EXERCISE MATERIAL:
++++++++++

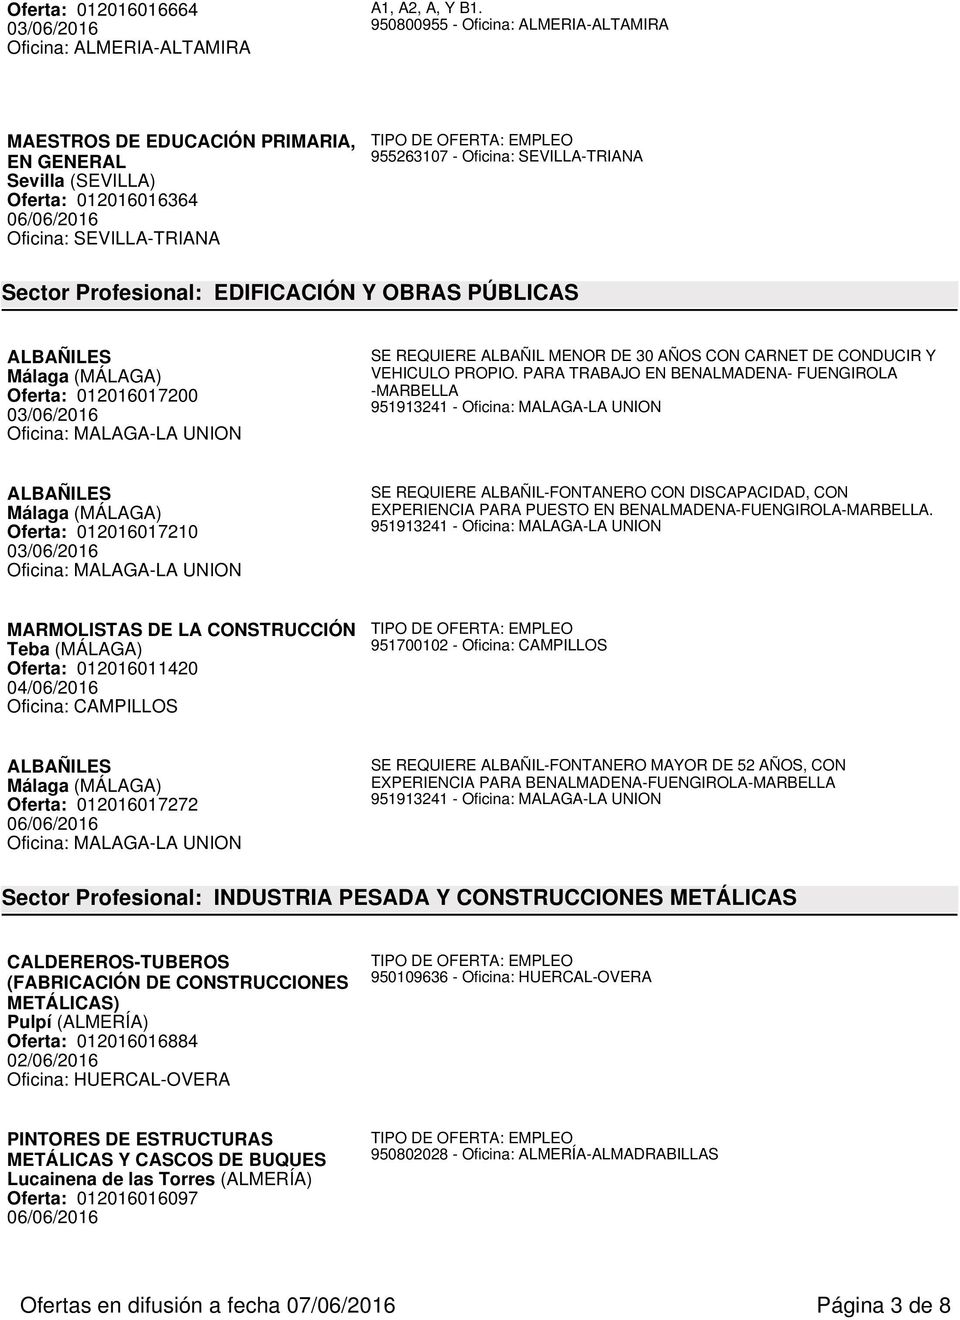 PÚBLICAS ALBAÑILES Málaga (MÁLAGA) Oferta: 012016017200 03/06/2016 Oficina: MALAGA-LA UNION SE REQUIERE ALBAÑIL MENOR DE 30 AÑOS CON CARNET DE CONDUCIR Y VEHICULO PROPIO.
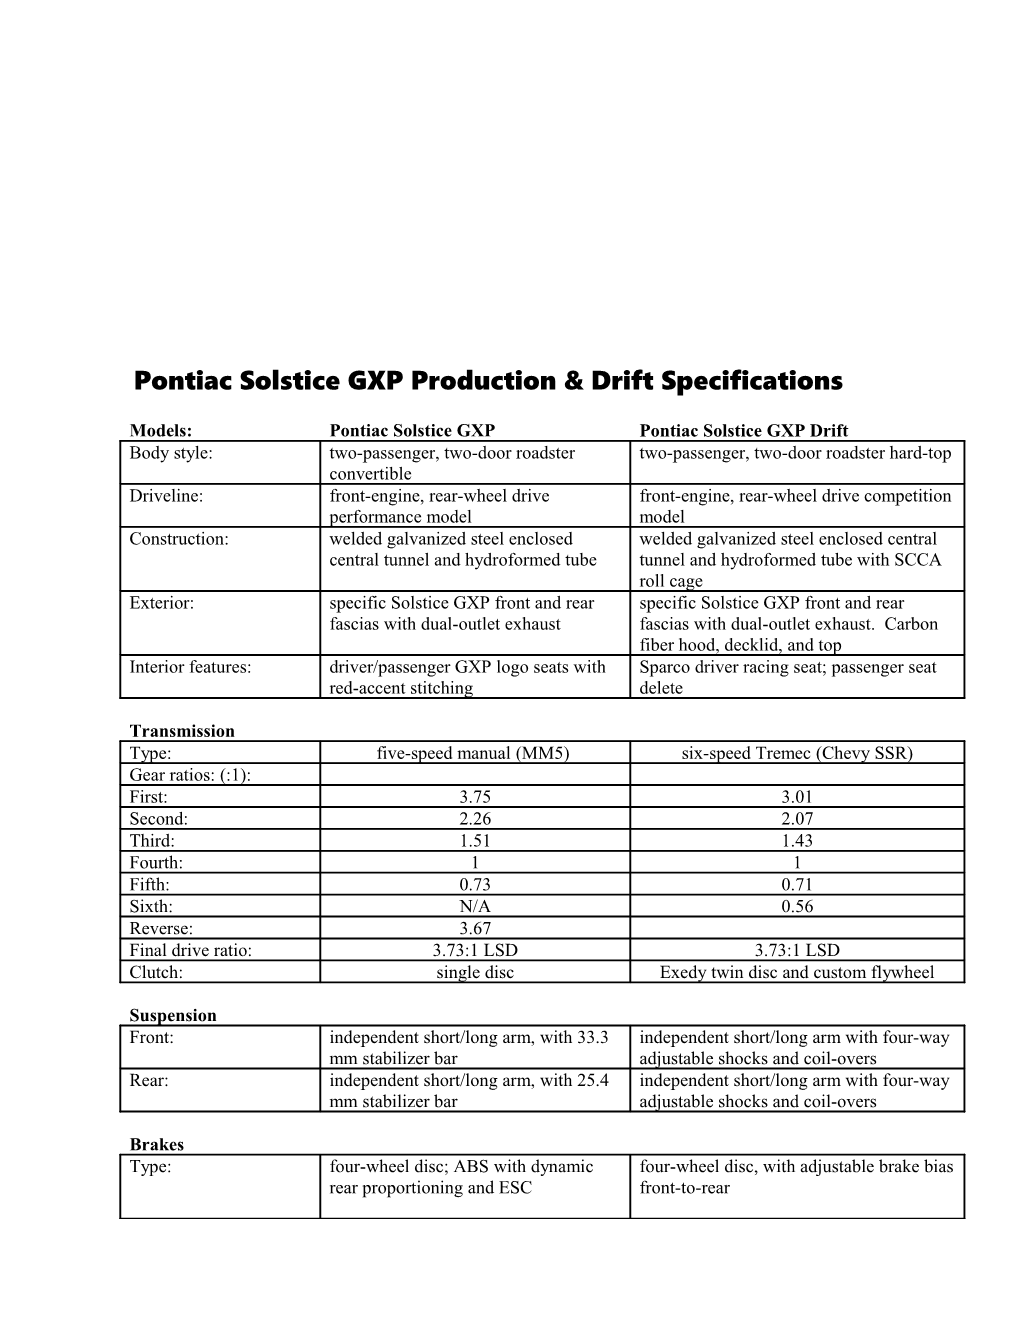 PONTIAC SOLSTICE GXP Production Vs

++++++++++

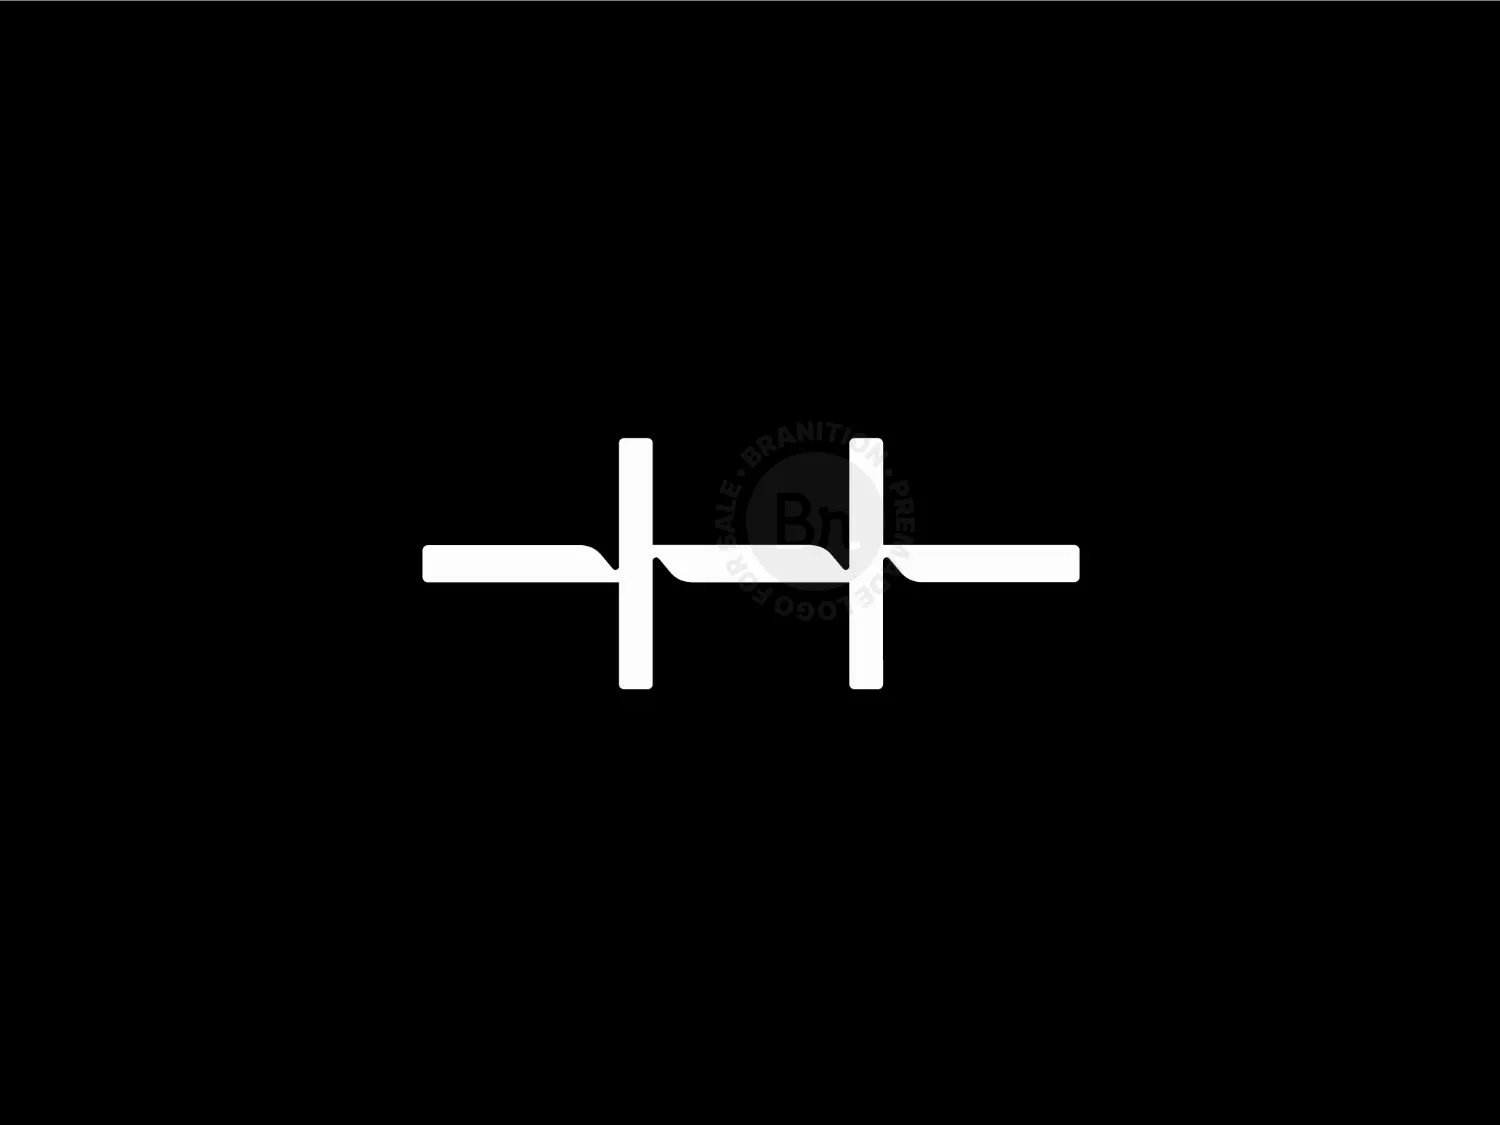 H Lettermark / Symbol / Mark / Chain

++++++++++

WHAT THE EXERCISE ASKS:
Reproduce the listing above only between the lines holding "PÚBLICAS ALBAÑILES Málaga" and "PONTIAC SOLSTICE GXP Production Vs", inclusive. Every line must match exactly, and pictures are dropped.

WRITTEN ANSWER:
 PÚBLICAS ALBAÑILES Málaga (MÁLAGA) Oferta: 012016017200 03/06/2016 Oficina: MALAGA-LA UNION SE REQUIERE ALBAÑIL MENOR DE 30 AÑOS CON CARNET DE CONDUCIR Y VEHICULO PROPIO.
 PONTIAC SOLSTICE GXP Production Vs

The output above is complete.